**Brief**. Give all of the data below again exactly, and drop the images.

**Given information**.
%%
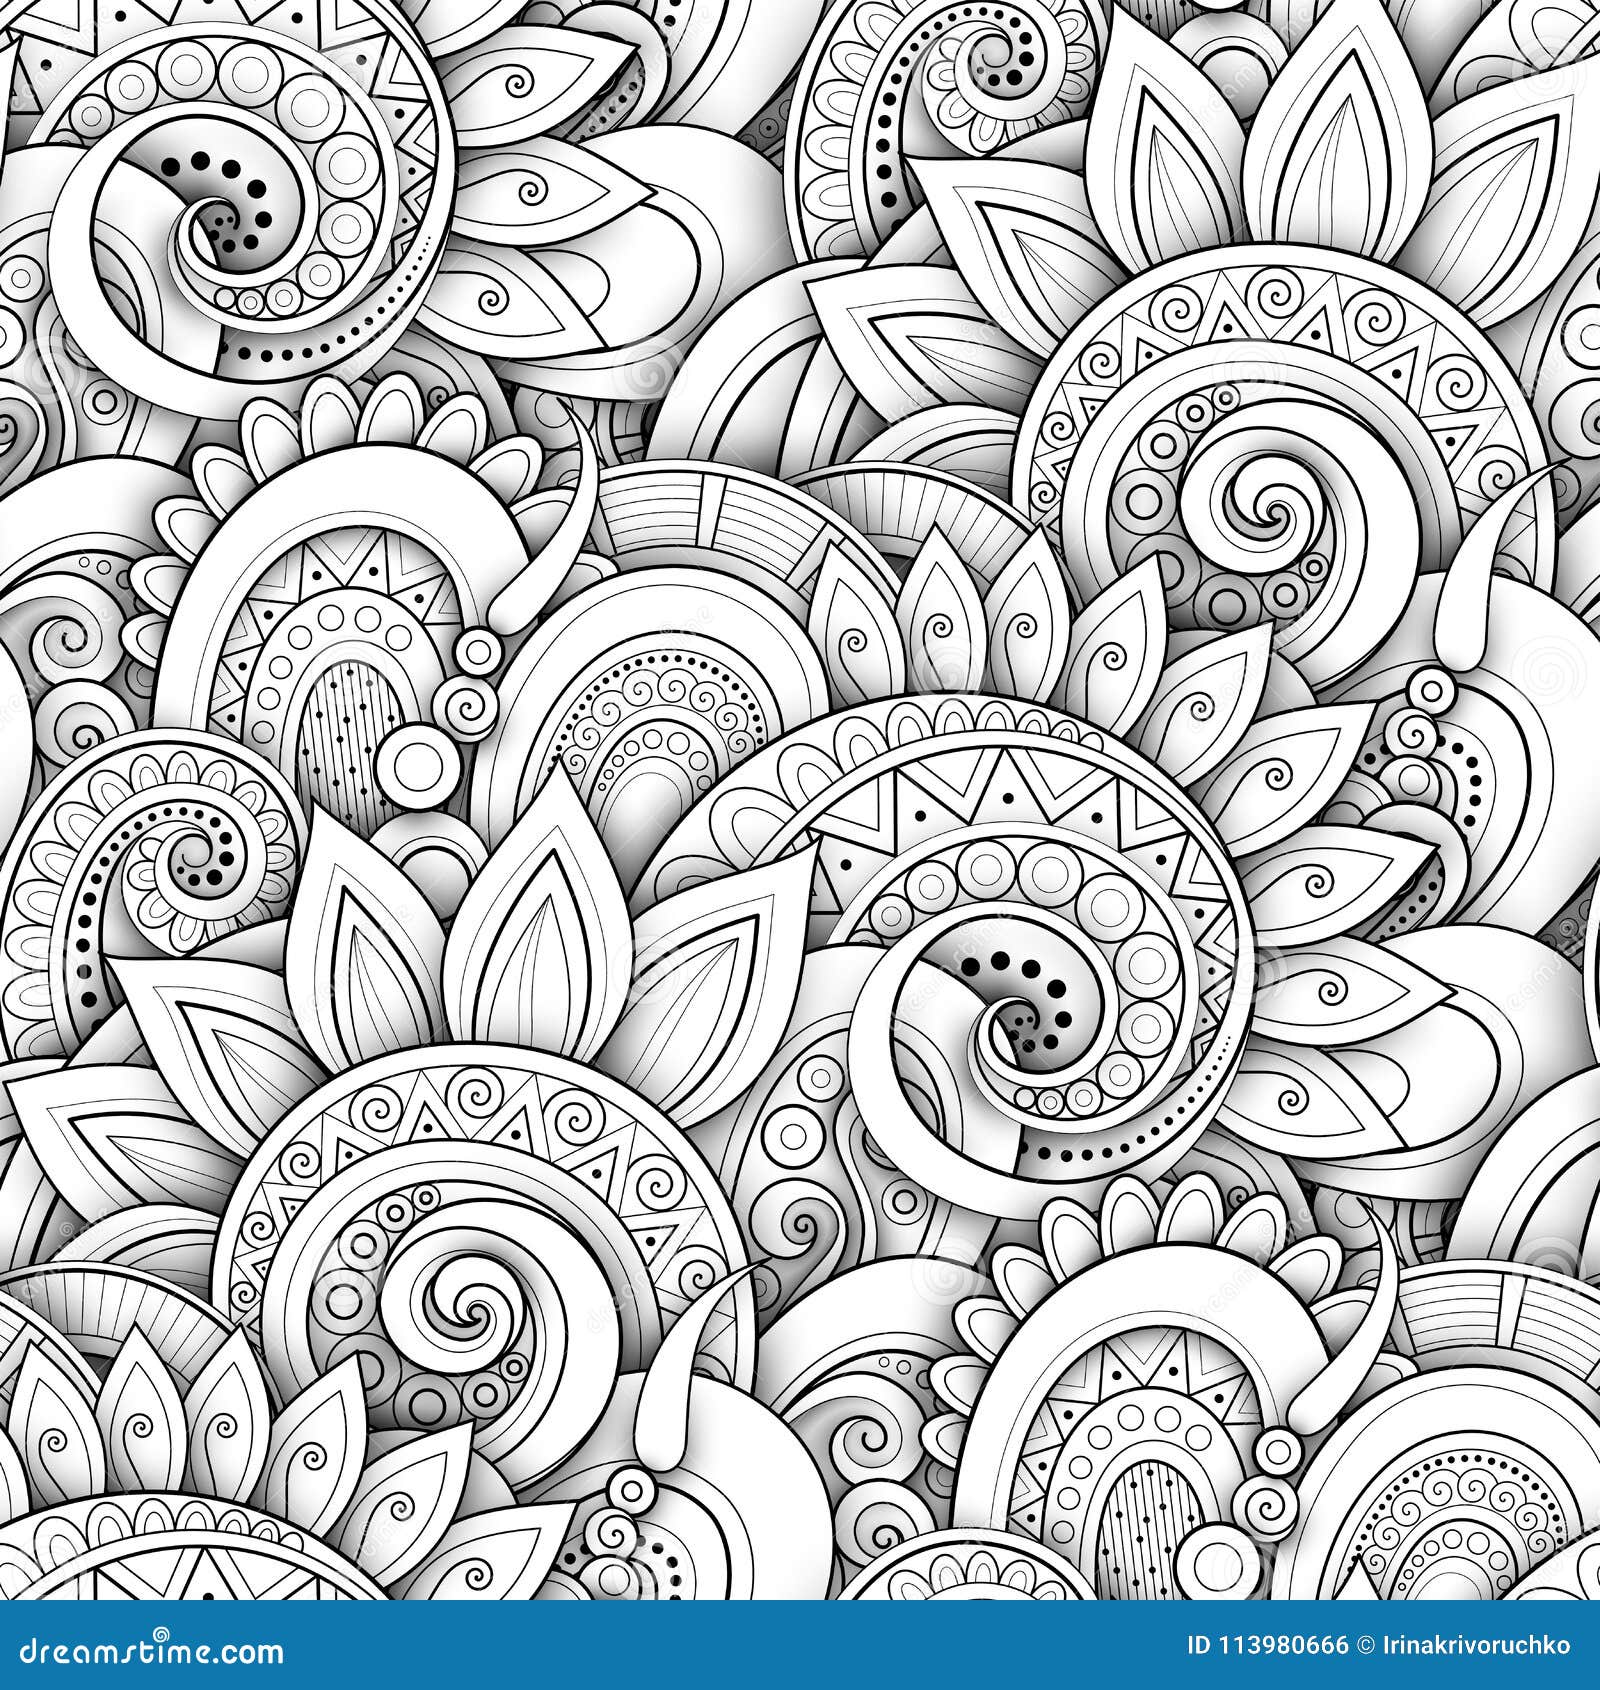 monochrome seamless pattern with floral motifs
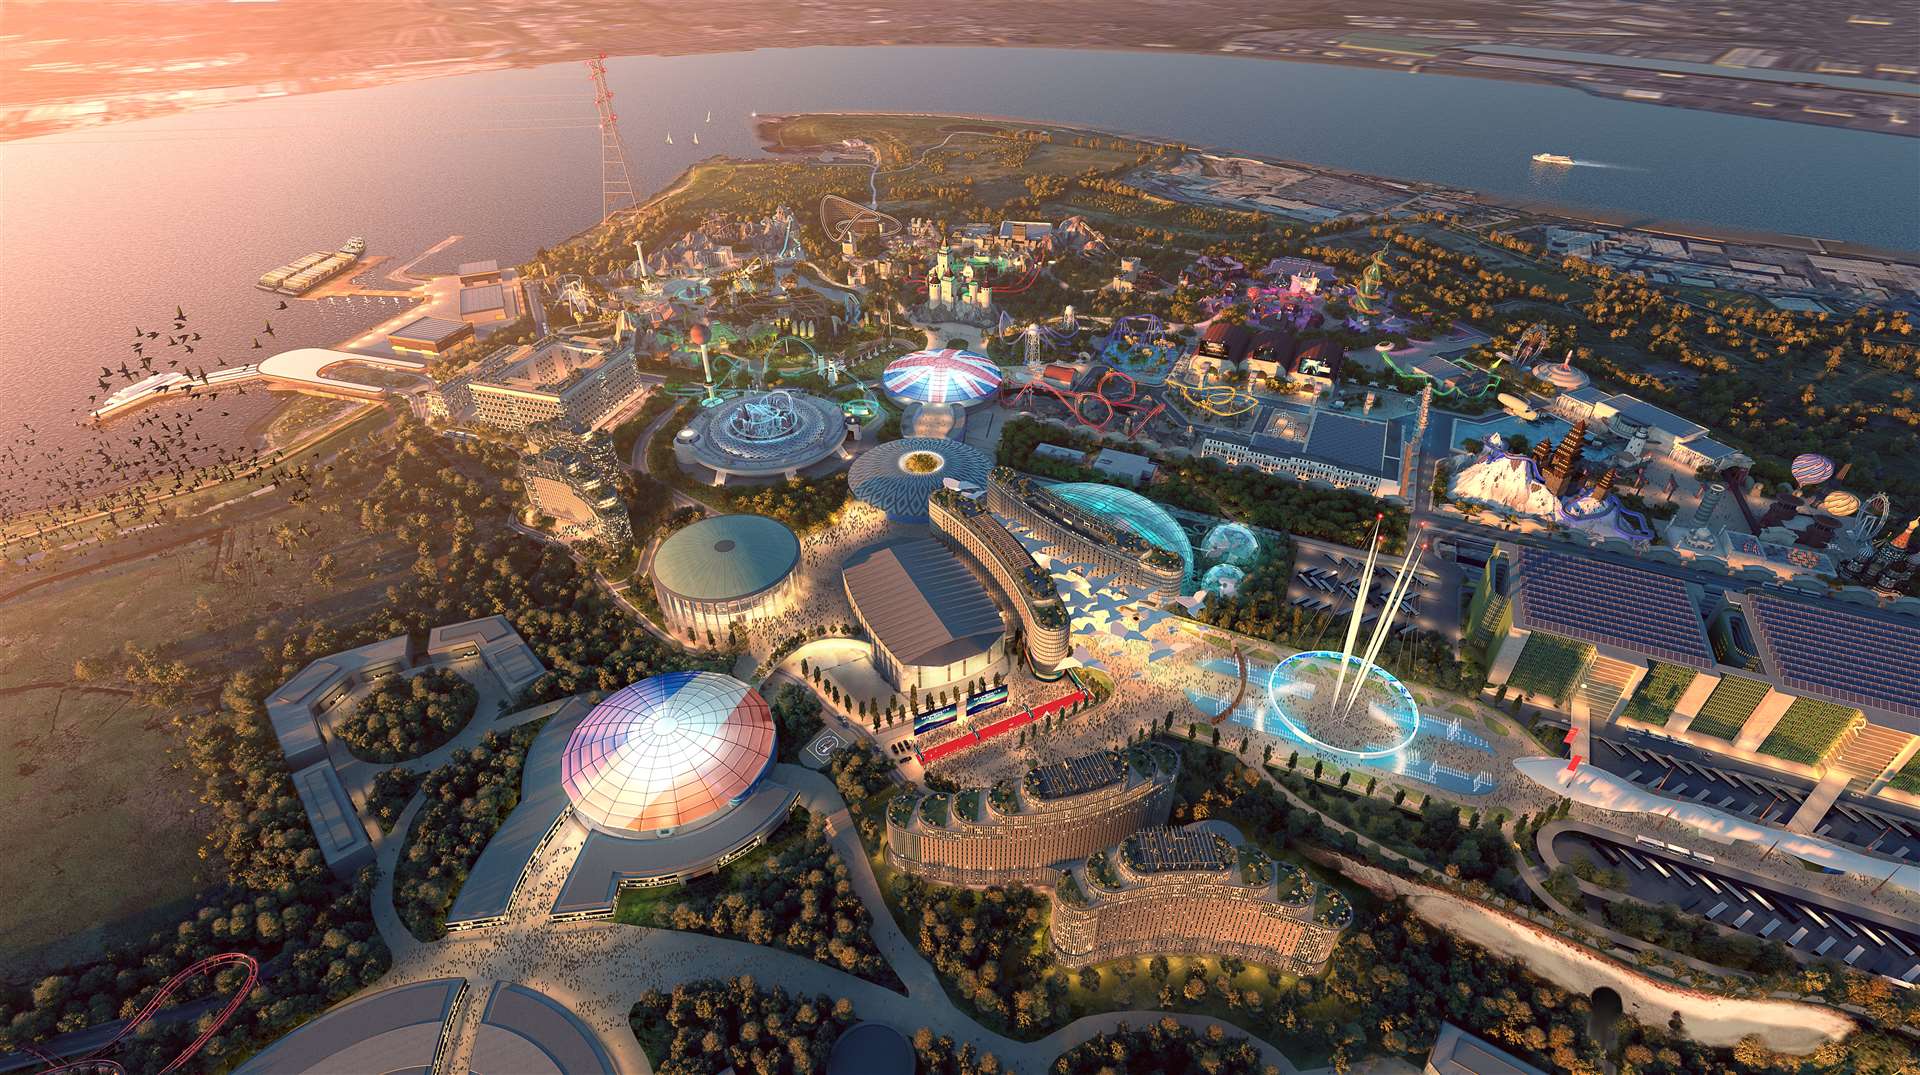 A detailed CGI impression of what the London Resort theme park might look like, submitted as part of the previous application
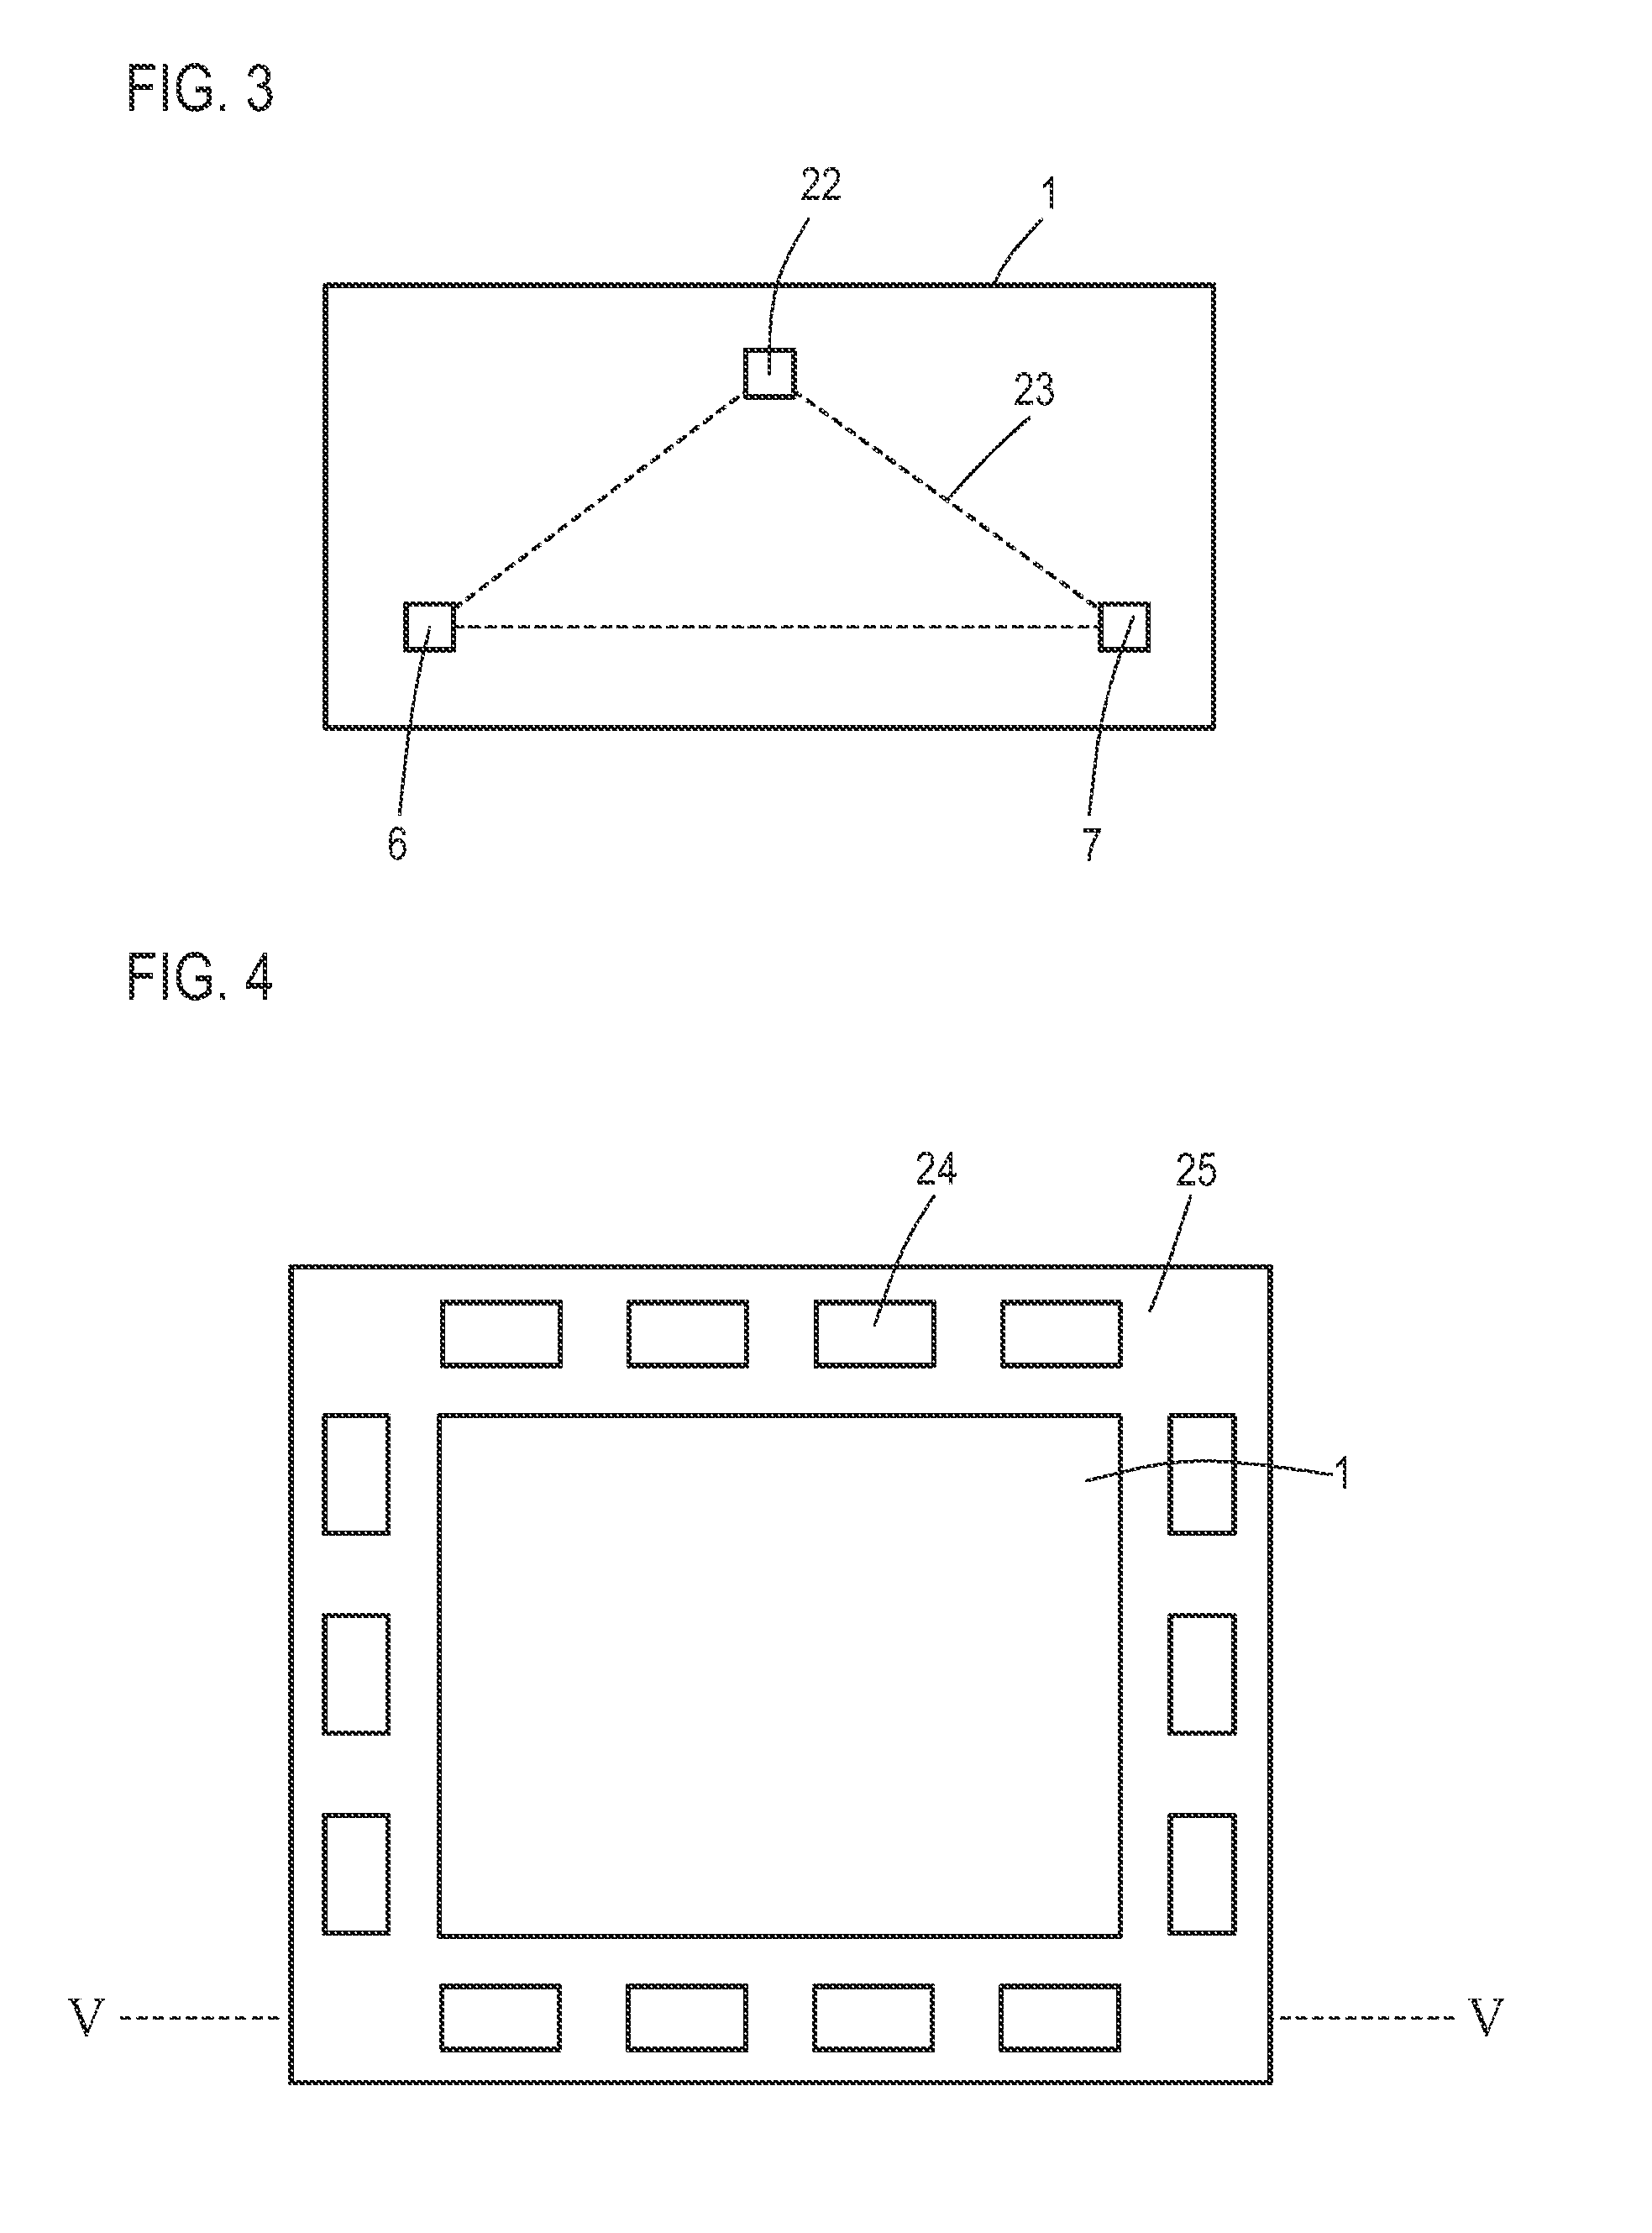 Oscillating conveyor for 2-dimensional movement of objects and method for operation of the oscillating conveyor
%%
**Written response**.
 monochrome seamless pattern with floral motifs
 A detailed CGI impression of what the London Resort theme park might look like, submitted as part of the previous application
 Oscillating conveyor for 2-dimensional movement of objects and method for operation of the oscillating conveyor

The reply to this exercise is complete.